Они с Маней спешили домой по затихающей к ночи Москве, и каждый предмет на пути, каждый встречный казался им вестником из иного мира.
Машка не скрывала своей радости — наконец-то она поживет в семье, в нормальной квартире! Пускай всего несколько дней… Сначала страшно смутилась, сказала, что всех будет стеснять, тем более в доме ребенок маленький, но Аля её успокоила.
— У меня, знаешь, какие родители! У нас как-то целый месяц родственники из Самары жили, а мама была беременная, и ничего! Она все шутила, пироги пекла… И потом, никому ты не помешаешь, у нас с тобой отдельная комната.
Собрали нехитрые Машкины пожитки и побежали домой. Увиденное и услышанное на репетиции так накалило нервы, что никто из ребят, похоже, ни о чем другом думать не мог. Аля попыталась было поговорить с Ильей, рассказать об истории с записной книжкой, но он только отмахнулся:
— Аленький, давай завтра, а? Я сейчас совершенно стукнутый, ничего не соображаю.
"Ладно, — решила она, — дома Мане все расскажу!"
Маме Маня, похоже, понравилась. Она тут же усадила девчонок ужинать, а за чаем с лимонником Аля принялась пересказывать замысел их режиссера.
— Мам, представляешь, что будет?! В сцене, когда Германн приходит ночью к графине, он её видит в зеркале. То есть, зрители будут видеть актрису, которая играет графиню, а Германн — только её отражение. И знаешь, что это за зеркало? Наше, представляешь? Здорово, да!
— Наше? — переспросила мама и побледнела. — О, Господи! Нарочно не придумаешь… — она сразу потеряла интерес к разговору, как будто её мысли витали теперь далеко.
— А что тут такого? — удивилась Аля. — А главное, мам, концепция! — тут она принялась играть роль театрального критика. — Переступив черту, обманув девушку, — он ведь использовал Лизу ради корыстной цели… в общем, он подпадает под действие темных сил и становится их игрушкой, вот! Ну как тебе? Классно, да? А ещё мир как бы двоится, Германн теряет ощущение реальности. Помнишь, когда он узнает тайну трех карт, он даже на словах путается. Его спрашивают: "который час", а он говорит: "без пяти минут семерка" и так далее…
— Он как кораблик… — сказала Маня, задумчиво рисуя пальцем на скатерти невидимые узоры. — Вот он жил-жил… как все. Верней, не как все он себя душил.

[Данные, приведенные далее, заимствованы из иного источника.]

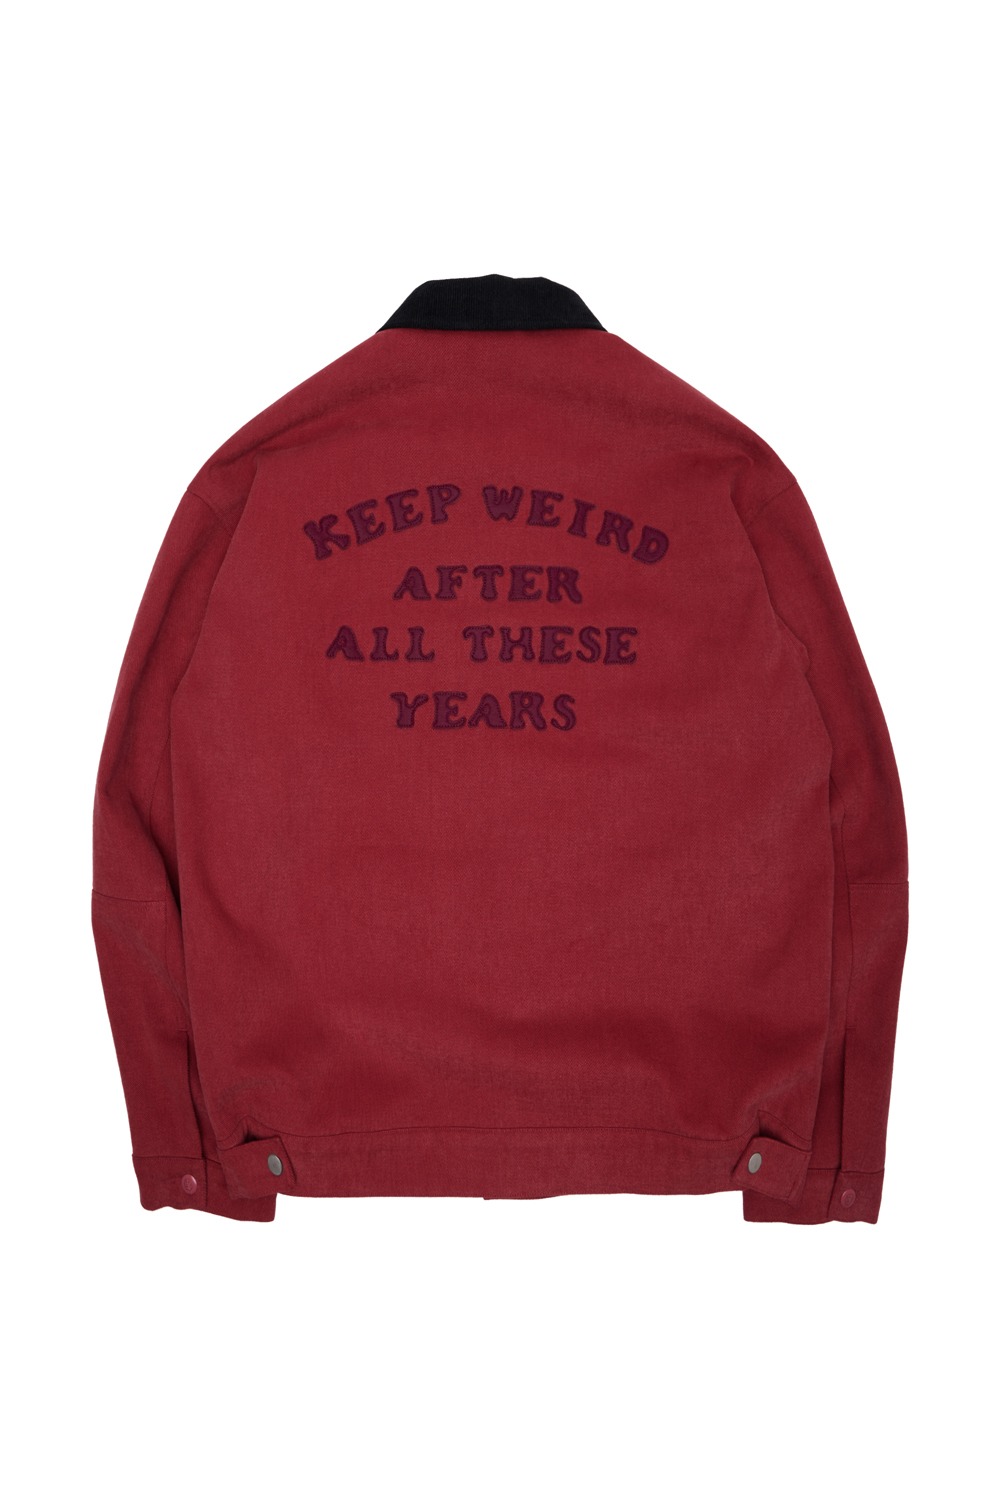 Gallery Work Jacket - Washed Red

— Как это? — не поняла Аля.
— Ну, он же дико хотел играть, каждый день до пяти утра просиживал с игроками, но карт не брал… только смотрел. Я, говорит, не в состоянии жертвовать необходимым в надежде приобрести излишнее… Он разумом жил, все просчитывал. А потом, когда узнал, что графиня знает тайну трех карт, которая позволяет выиграть целое состояние, как с цепи сорвался! Вот я и говорю, что он стал как бумажный кораблик — его понесло. Безумие какое-то… и все ради богатства! И жизнь проиграл.
— А только ли ради денег? — задумалась Анна Андреевна. — Мне кажется, его повлекла сама тайна. Ведь он живет по правилам, и жизнь ясна для него, только очень уж тяжела… но он готов был терпеть и трудиться, а тут такое: загадка, которая опровергает все, чем жил. И если это действительно правда, мир-то другой получается! Им тайные силы правят! Вот он и хочет это проверить, ведь по мысли волевого и разумного Германна такое попросту невозможно! А игра, безумный азарт — территория темных сил. И он вступил на неё…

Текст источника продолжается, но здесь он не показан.